If task start time is chosen from a uniform random distribution, is inter-arrival time exponentially distributed

markov chainsprobabilityprobability distributionsqueueing-theorystatistics

Question: If the start time is generated from uniform random distribution, is the inter arrival time exponentially distributed?

Context:
We have a number of tasks to be run every day (and we have the flexibility to set the actual start time). To avoid overloading the system by running everything at a fixed time, and we want to spread the load through out the day. And everyday we want to run the task at the same time.
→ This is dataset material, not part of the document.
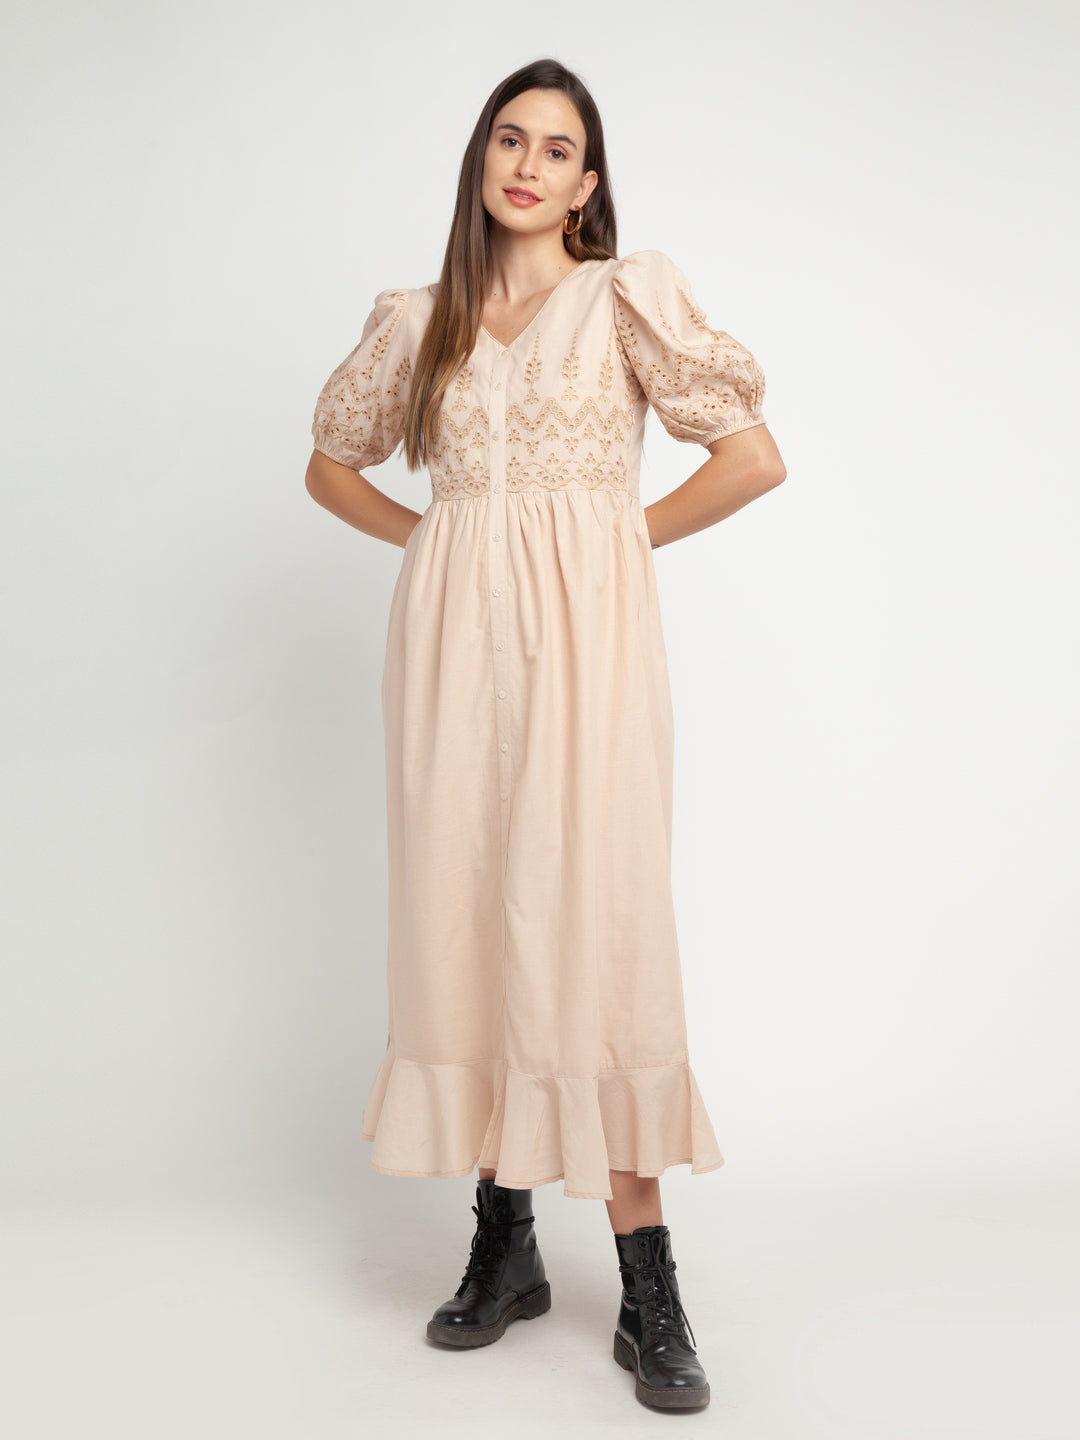 Beige Embroidered Shirt Dress Maxi Dress For Women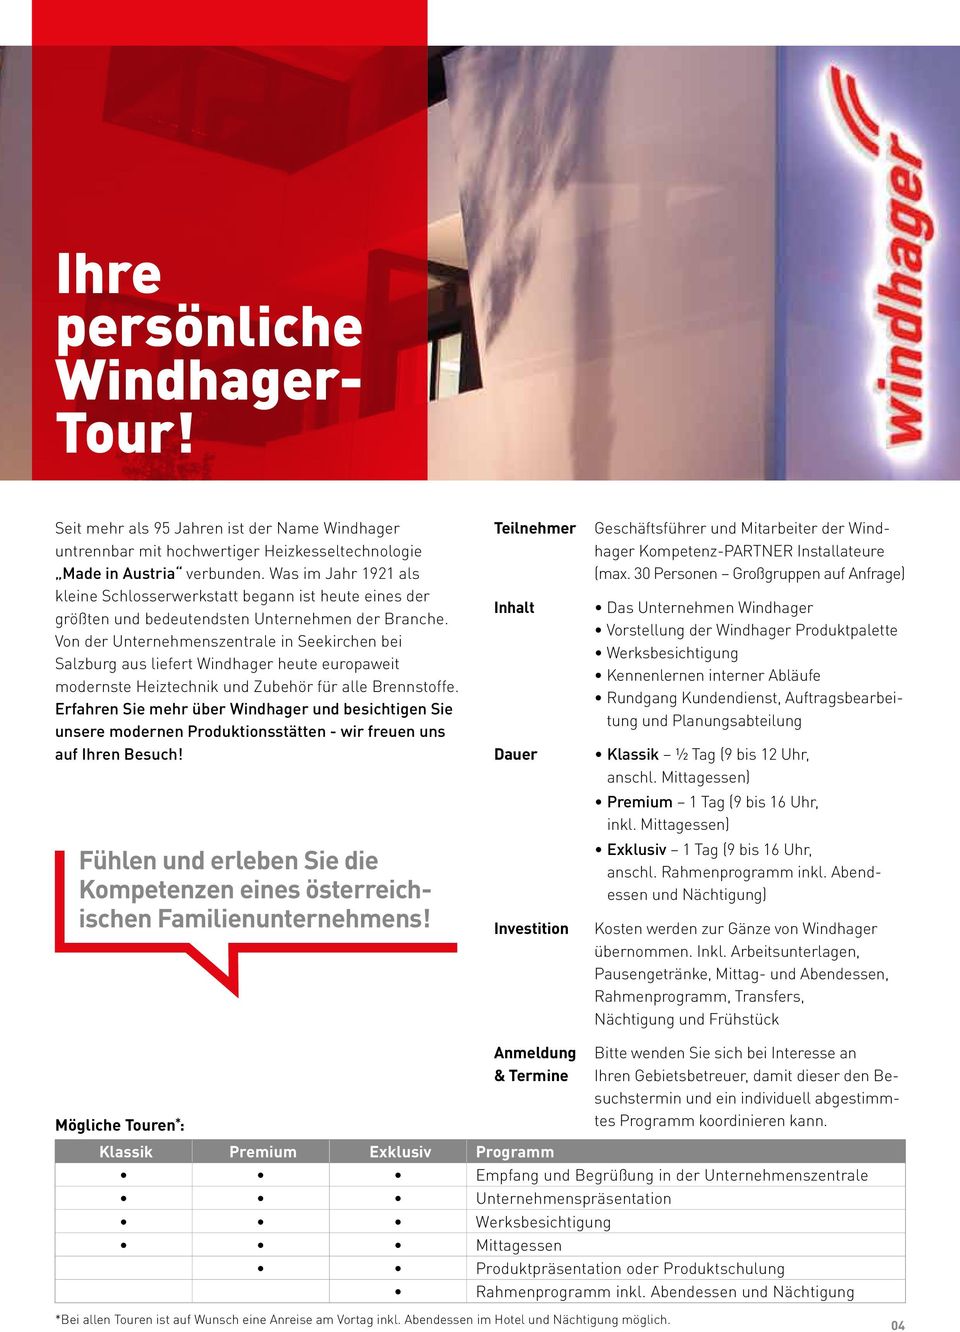 Von der Unternehmenszentrale in Seekirchen bei Salzburg aus liefert Windhager heute europaweit modernste Heiztechnik und Zubehör für alle Brennstoffe.

To spread the load, we hash the taskid to generate the start time. (Almost equivalent to generating from uniform random distribution)

The question is, since the arrival time is uniformly distributed and independent of each other, does the inter arrival time follow exponential distribution? I want to use queueing theory to model the system performance, since exponentially distributed inter arrival time is the most studied distribution, I want to see if I can use M/M/1 queuing model.

I understand there are some differences. The start time generated is discrete, but the exponential distribution is continuous. I assume, I can increase the granularity of the time to approximate continuous time.


Another option is to generate the start time as a Poisson process (At every t, decide whether to run or not with probability p. ) But at some point, we want to ensure the task runs every day, so we might have to force it to run at midnight eventually. So this might get a bit weird.

Best Answer

If the day is of length $1$, and there are $n$ independent uniformly distributed start times then this is equivalent to breaking a stick into $n+1$ pieces and there is probably a duplicate question on this site.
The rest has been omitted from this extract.